Based on our findings, we consider that homokaryotic mycelia only produce oidia with one kind of mating type, irrespective of whether the oidia are uninucleate or multinucleate. However, heterokaryotic mycelia can produce three types of oidia, i.e., homokaryotic A1 mating type oidia, and homokaryotic and heterokaryotic A2 mating type oidia. In secondary mycelia, as relatively few oidia were produced, more than 75% of the binucleate cells were observed, and abnormal dedikaryotizion was not observed. We therefore consider that, with respect to secondary mycelia, this mushroom is a stable binucleate heterokaryon.

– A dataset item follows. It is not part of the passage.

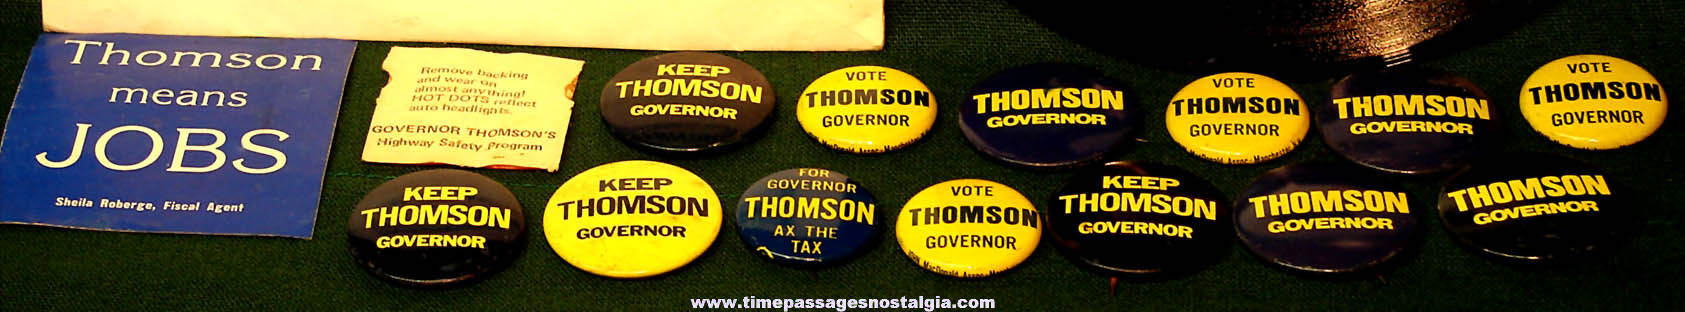 (16) 1970s New Hampshire Governor Mel Thomson Political Campaign Advertising Items
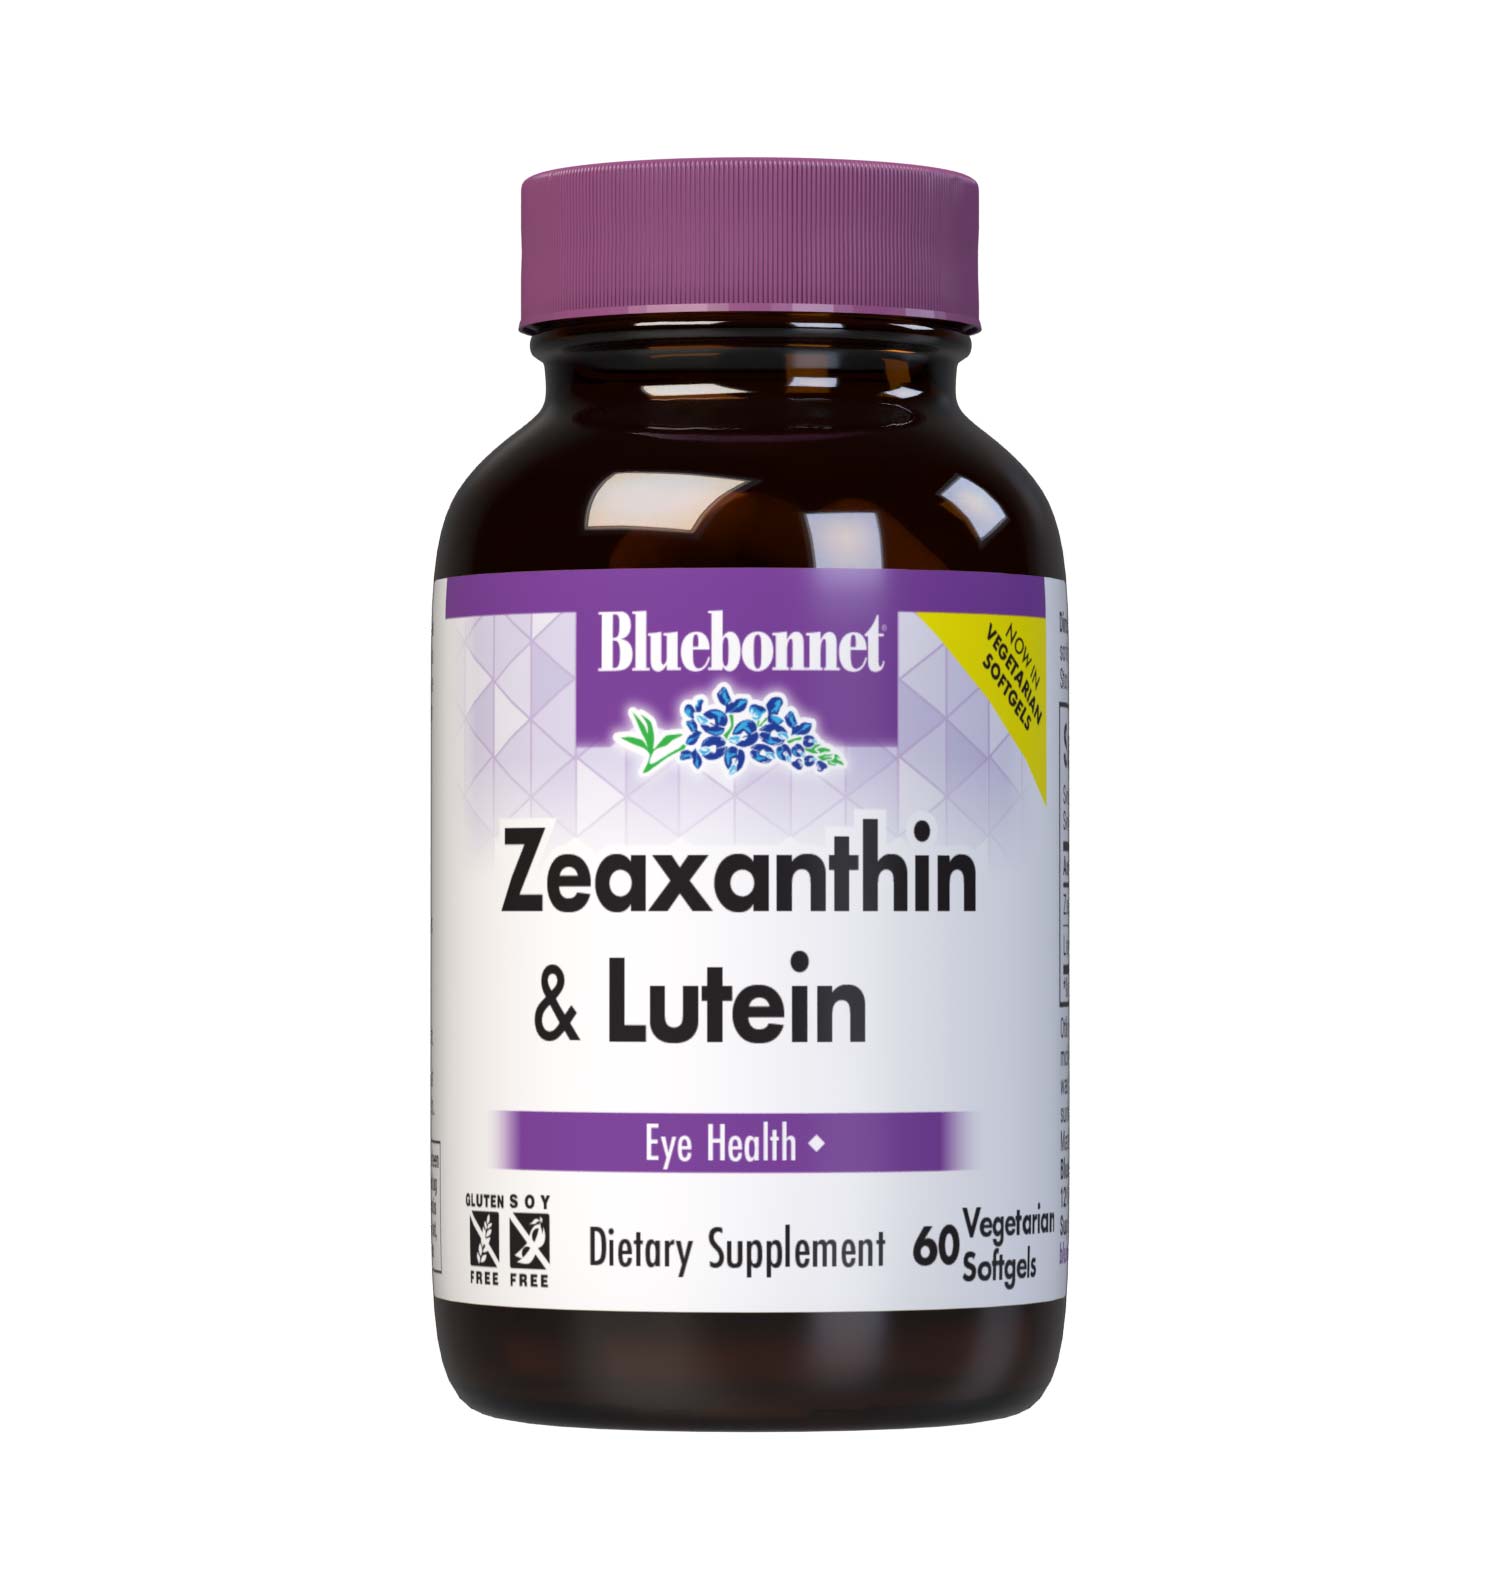 Bluebonnet’s Zeaxanthin & Lutein 60 Softgels are formulated with zeaxanthin and lutein from paprika and marigold flower extracts. Zeaxanthin and lutein are carotenoids that serve as potent nutrients to support optimal eye health. #size_60 count

Typically, homokaryotic and heterokaryotic mycelia are uninucleate and binucleate, respectively (Deacon, 2006). However, some exceptions have been reported in the literature. For example, in A. bisporus, the number of nuclei in mycelia ranges from three to five, depending on the variety (Kamzolkina et al., 2006). In addition, the primary mycelium of Kalaharituber pfeilii (Henn.) Trappe & Kagan-Zur and Morchella spp. is also multinucleate (Roth-Bejerano, Li, & Kagan-Zur, 2004; Volk & Leonard, 1990). In the C. comatus examined in the present study, both homokaryotic and heterokaryotic mycelia contained binucleate cells, which is similar to the case for Rhizopogon roseolus (Corda) Th. Fr. (Sawada et al., 2014) and Co. cinerea (Kües, 2000). Based on cytological studies of homokaryotic and heterokaryotic mycelia, the nuclear behavior and karyological development of all mushroom mycelia are not the same. For example, more than 30% of Agaricomycetous species have more than two nuclei in one heterokaryotic cell and clamp connections are irregular or absent (Boidin, 1971).

We attempted to elucidate the lifecycle of C. comatus from Japan based on the nuclear behaviors in the mycelium and basidium which are very important for breeding and transformation. We also found oidia, which will be very useful for isolating the homokaryon in further research. We hope that these findings may contribute to fundamental research on edible mushrooms. In future studies, we intend to investigate oidia and protoplast development in C. comatus for mutant selection.